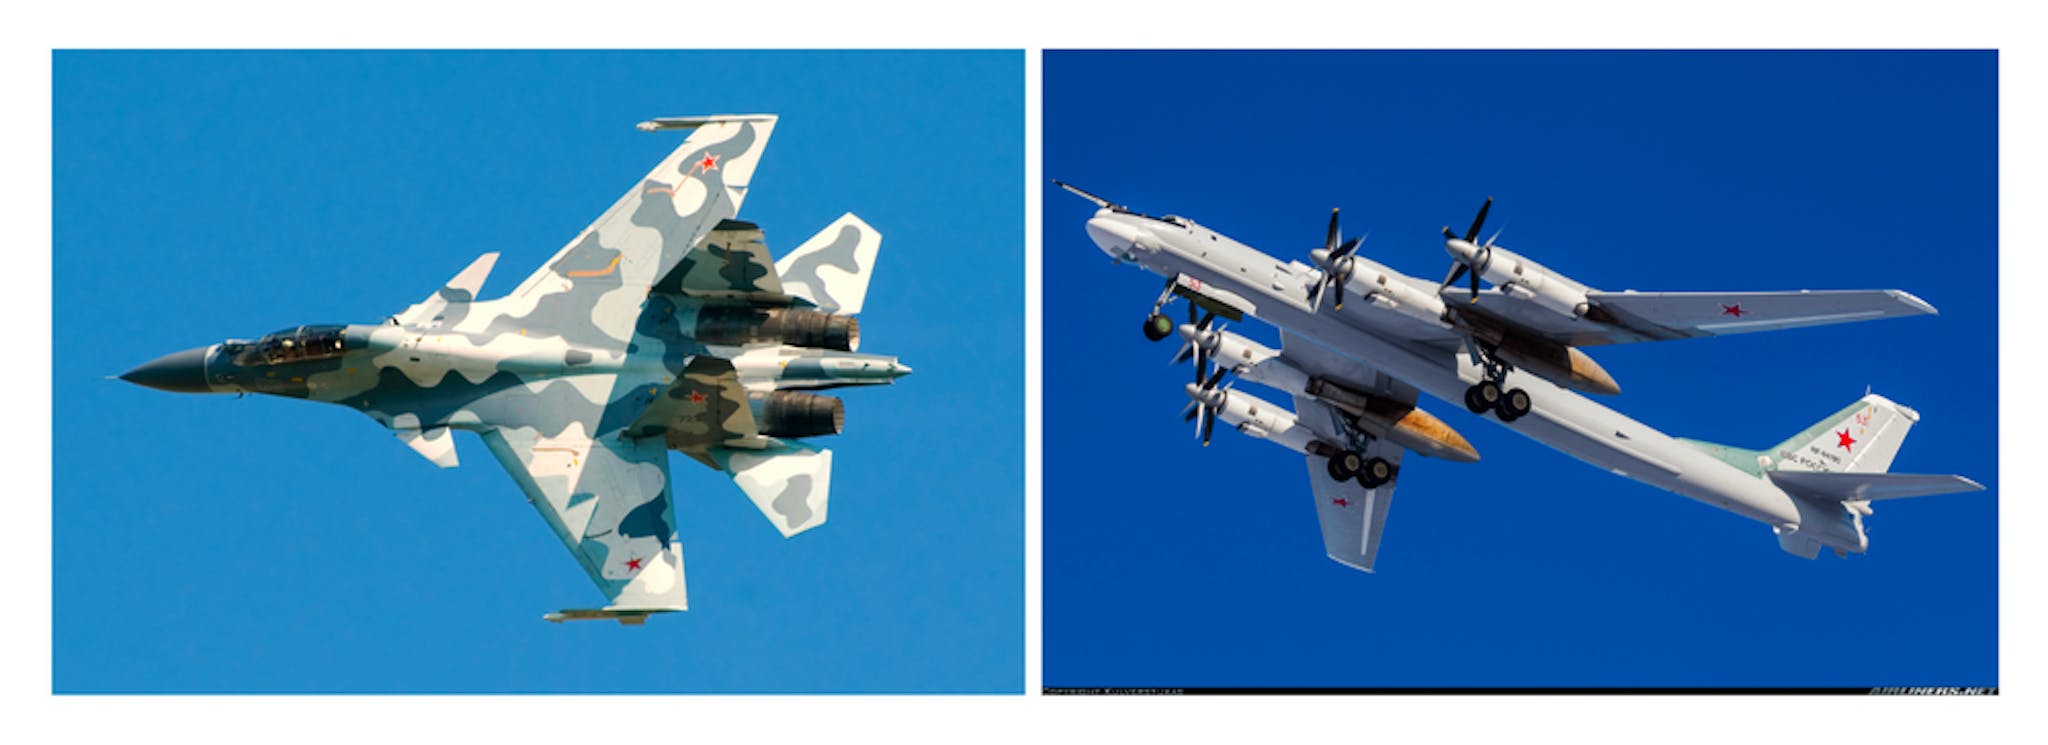 Von links nach rechts: (1) Su-30, (2) Tu-95
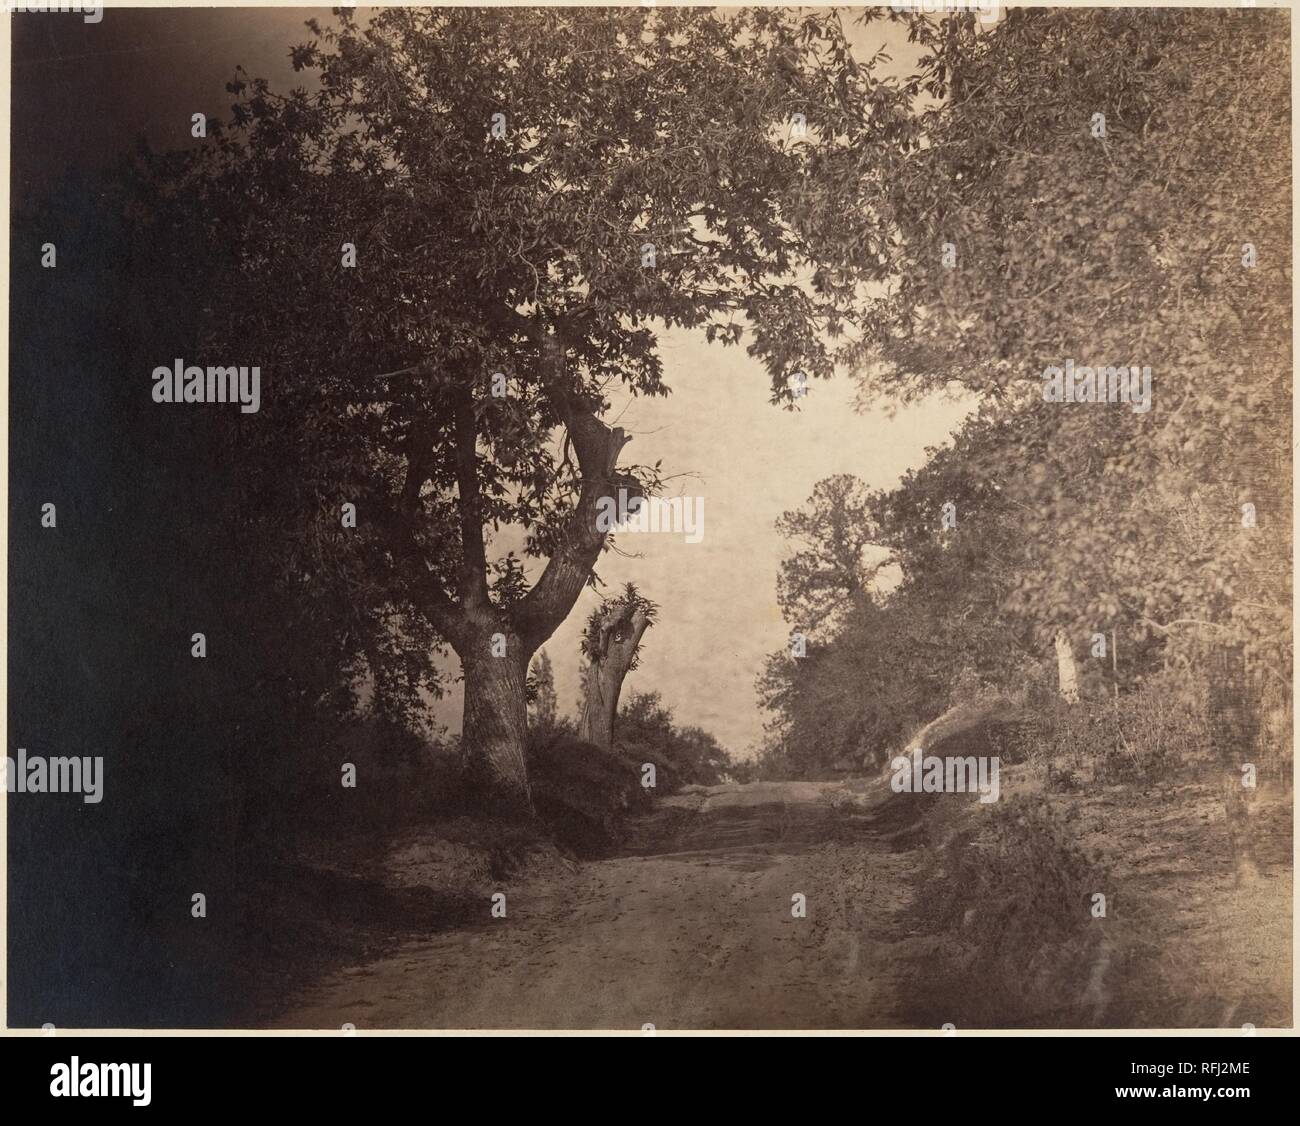 Fontainebleau, Chemin sablonneux Montant. Artist: Gustave Le Gray (Französisch, 1820-1884). Abmessungen: Bild: 29,9 x 37,7 cm (11 3/4 x 14 13/16 in.) anbringen: 53,3 x 63,8 cm (21 x 25 1/8 in.). Datum: Ca. 1856. Le Gray zurück in den Wald von Fontainebleau in der Mitte der 1850er mit einer grösseren Kamera und glasnegative. Im Gegensatz zu den flackernden Abstraktion seiner früheren Ansicht (Nr. 62), dieses Bild übersetzt die Erfahrungen der Bewegung durch den Wald in einer Kühn orchestrierte Komposition. Nach dem sandigen Weg gerade zurück von der Bildebene, den Viewer schreitet von undurchdringlichen Schatten Stockfoto
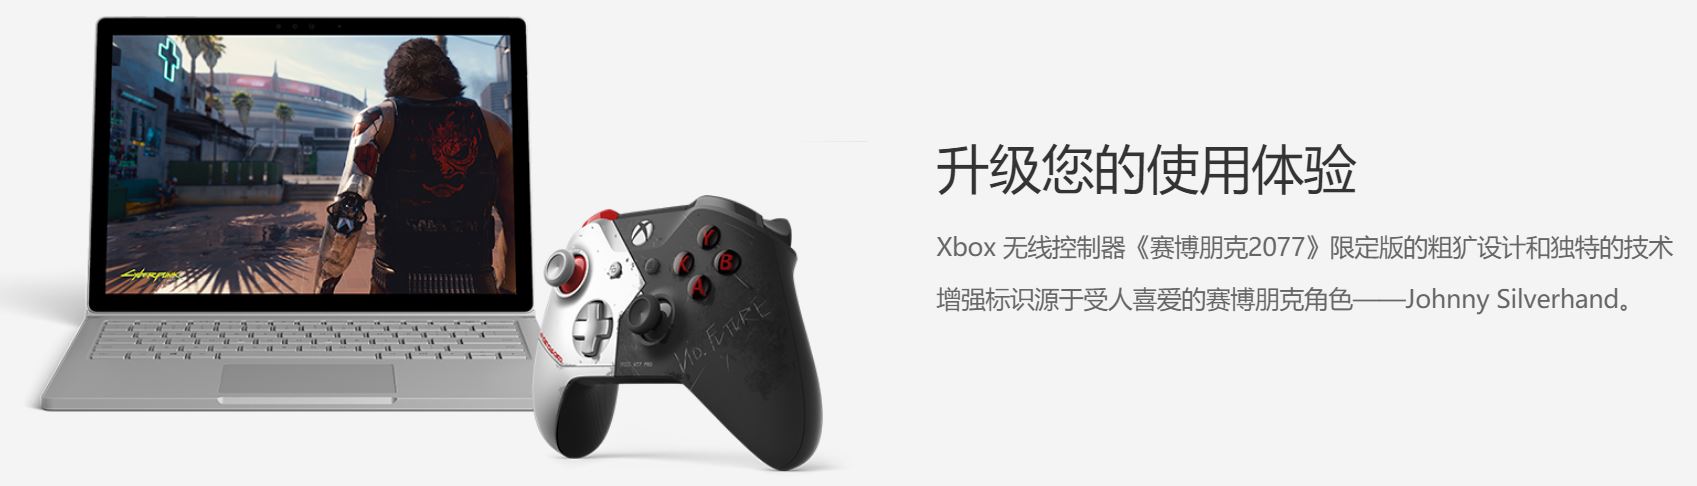 Xbox《電馭叛客2077》限定搖桿國行版上架 定價539元
....
Return the listing verbatim, pictures excluded.

 Von links nach rechts: (1) Su-30, (2) Tu-95
 Fontainebleau, Chemin sablonneux Montant. Artist: Gustave Le Gray (Französisch, 1820-1884). Abmessungen: Bild: 29,9 x 37,7 cm (11 3/4 x 14 13/16 in.) anbringen: 53,3 x 63,8 cm (21 x 25 1/8 in.). Datum: Ca. 1856. Le Gray zurück in den Wald von Fontainebleau in der Mitte der 1850er mit einer grösseren Kamera und glasnegative. Im Gegensatz zu den flackernden Abstraktion seiner früheren Ansicht (Nr. 62), dieses Bild übersetzt die Erfahrungen der Bewegung durch den Wald in einer Kühn orchestrierte Komposition. Nach dem sandigen Weg gerade zurück von der Bildebene, den Viewer schreitet von undurchdringlichen Schatten Stockfoto
 Xbox《電馭叛客2077》限定搖桿國行版上架 定價539元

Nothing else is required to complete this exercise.